Experts managed to find a connection between 16 exploits and their developers.
The connection between 16 exploits and their developers.
Specialists have developed a method for identifying malware developers based on their “handwriting”.
The creation of ransomware for a cybercriminal group requires the involvement of a range of experts from various fields. The question arises, is it possible, after examining the malicious code, to identify its developers?
Check Point specialists have developed a new way to identify malware developers based on identifying their unique characteristics, i.e. “Handwriting”. Using the new method, the researchers were able to link 16 privilege elevation exploits on Windows PCs to two vendors of zero-day vulnerabilities, Volodya (also known as BuggiCorp) and PlayBit (also known as luxor2008).
“Rather than focusing on all malware and catching new samples of malware or cybercriminals, we wanted to offer a different perspective and decided to focus on a few features written by the exploit developer,” said Check Point experts Itay Cohen and Eyal.

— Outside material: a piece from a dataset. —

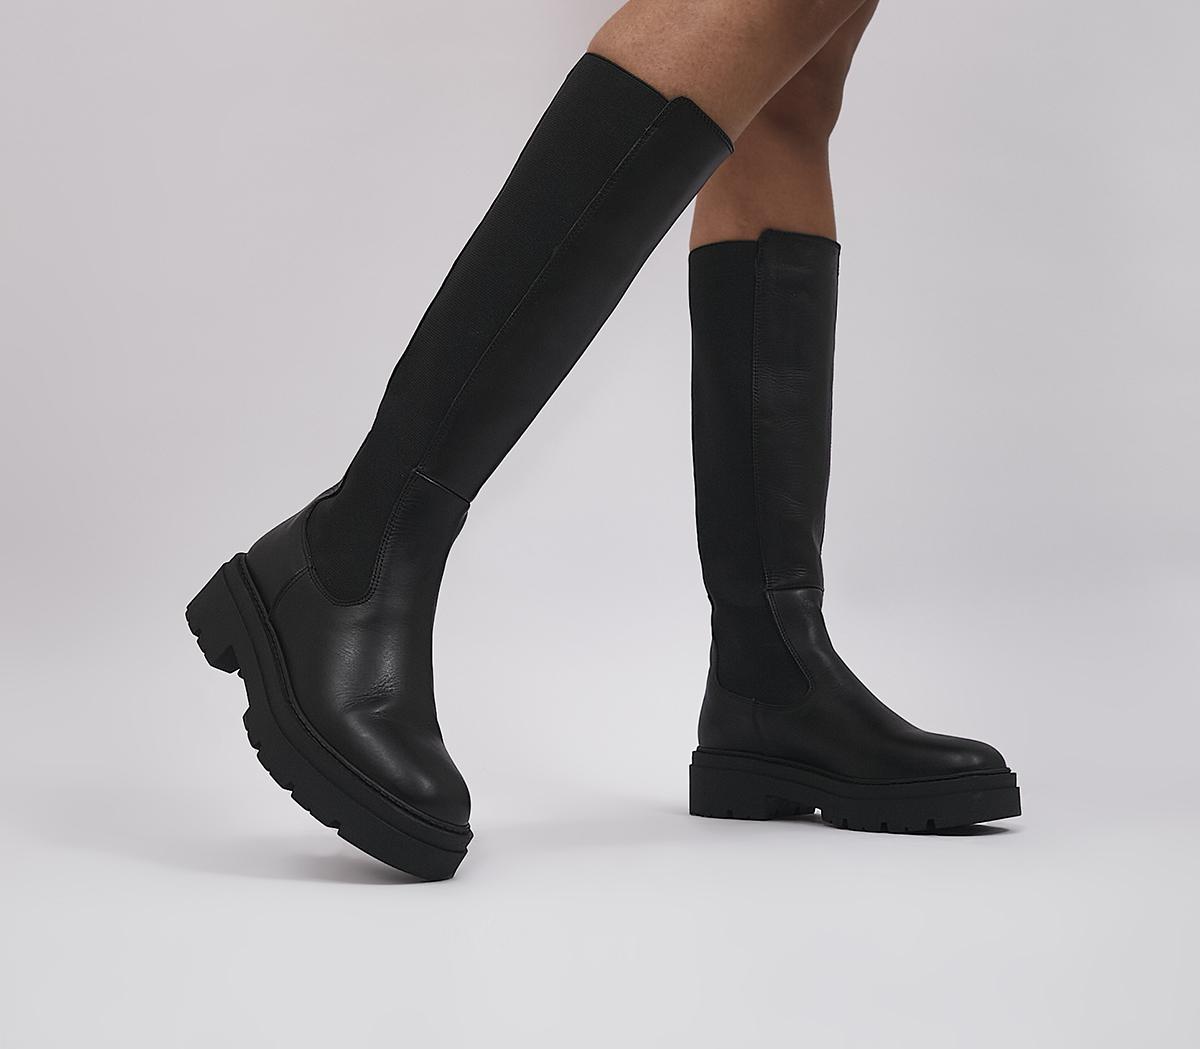 OFFICEKamilla Chelsea Knee BootsBlack Leather

Itkin (Eyal Itkin).
The idea is to examine the exploit for special artifacts that might point to its developer.
As the researchers explained, their analysis began in response to a “sophisticated attack” against one of Check Point’s customers. Experts have discovered an exploit for privilege escalation vulnerability CVE-2019-0859which turns out to
have been written by two different development teams. The researchers used the properties of the binary as
a unique “handwriting” and thanks to it they were able to find at least 11 other exploits developed by the same
developer under the pseudonym Volodya.